Does Turnitin Check for AI or Just Plagiarism When Both Features Are Active?

When an institution has enabled both the similarity report and the AI writing indicator, Turnitin runs both checks on the same submission and presents them as separate sections of the report. Instructors see a similarity percentage with source citations and an AI percentage with sentence-level highlighting. The sentence highlights in the AI report show which parts of the paper the model considers most likely to be AI-generated, while the similarity highlights show which parts match specific sources. These two highlight layers are independent. A sentence highlighted in both reports would need two separate explanations. The AI score in this combined view does not affect the similarity score, and neither report adjusts based on the other. So when people ask does turnitin check for ai or just plagiarism, the practical answer in a fully enabled setup is that both checks run simultaneously but produce separate, non-overlapping evidence that an instructor must evaluate independently.

What Can Students Do Before Submitting to Reduce Risk?

Running a pre-submission check through an outside tool can give students a rough sense of how their writing reads to an AI detection model before the formal report exists. These tools are not the same as Turnitin and cannot predict its exact output, but they can flag passages that appear statistically smooth or generic. If an outside tool highlights a paragraph, read it and ask whether it makes a specific claim backed by a named source, whether the sentence structure varies, and whether it sounds like your reasoning or like a summary anyone could write. Revising toward specificity and voice is more productive than rewording to trick a model. For the similarity check, standard citation practice handles most risk. Quoting directly when you use an exact phrase, paraphrasing in your own words for everything else, and citing every source you consulted keeps the similarity score interpretable. The goal is not a low score; the goal is that every match in the similarity report can be explained as legitimate.

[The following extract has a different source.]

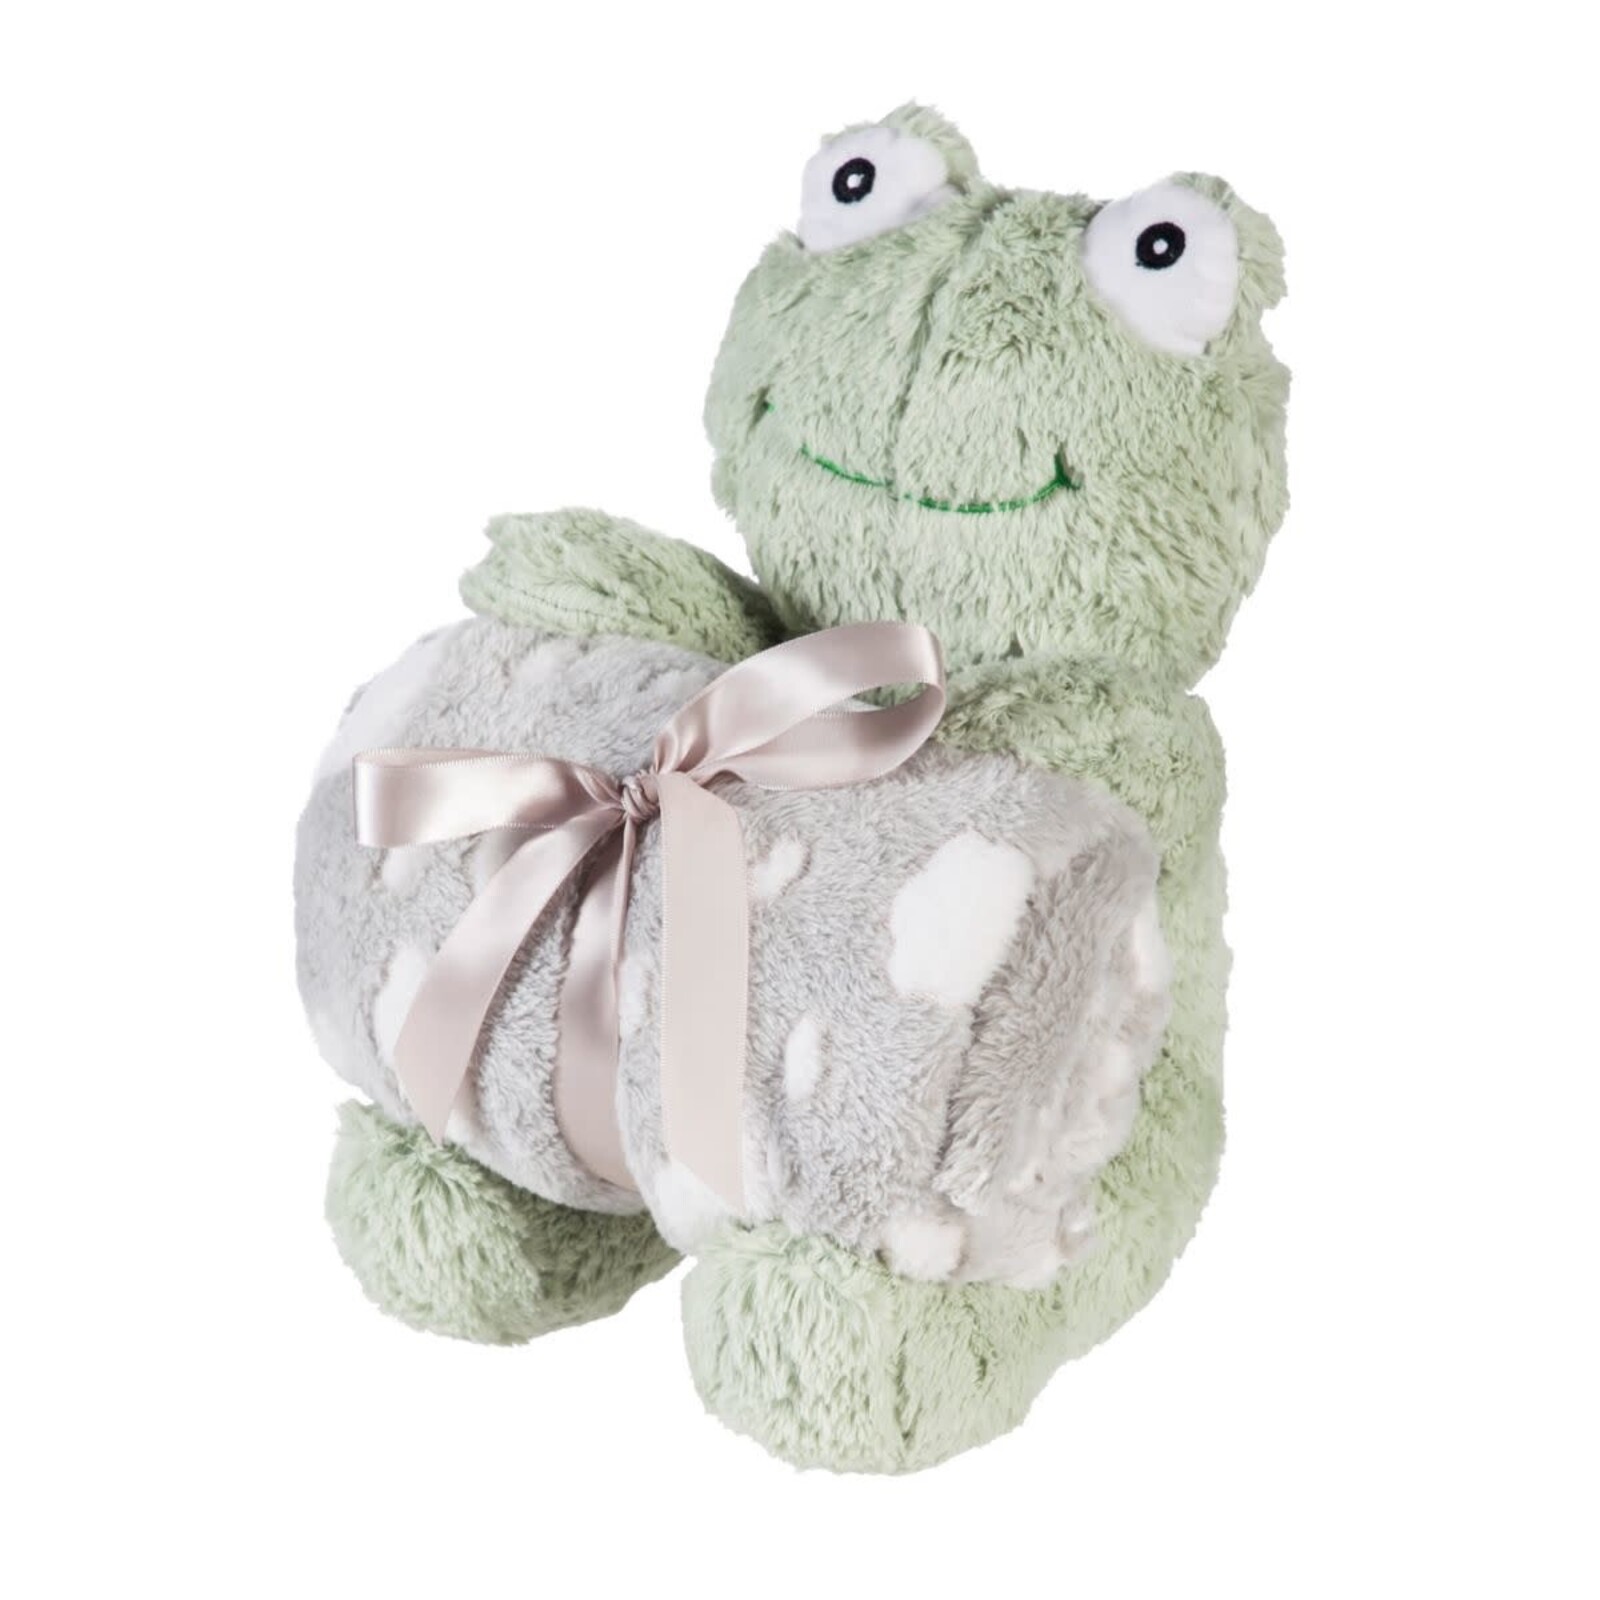 b. Boutique Cuddly Frog 10" Stuffed Animal w/ Blanket Gift Set, Green 7PLSH717 loading=

  1. Run an outside AI detection check to find overly smooth or generic passages.
  2. Revise flagged paragraphs toward specific claims, named sources, and your own reasoning.
  3. Review your citations to ensure every paraphrased idea has a source attached.
  4. Compare your final draft against your outline to check that your argument is still present.
  5. If you used AI tools at any point, follow your school's disclosure policy before submitting.

Where NotGPT Fits in This Picture

NotGPT is a mobile AI detection tool that checks text for AI-likeness and images for AI generation. It is not a plagiarism checker and does not replicate Turnitin's similarity database. Its role in this context is as a pre-submission reading aid. Students can paste a draft into the app to see which passages score high on the AI probability scale, then decide whether those passages need revision. The Humanize feature offers a way to rewrite passages that read too generically, though the better use is to add concrete specifics rather than to mask the style. For educators, NotGPT can provide a quick second opinion when a paper is under review, helping to distinguish whether a flagged pattern is consistent across multiple tools. Neither report from any outside tool should replace the conversation and evidence review that formal academic integrity processes require. The question does turnitin check for ai or just plagiarism has a practical answer: both, separately, with independent evidence that requires human judgment to interpret.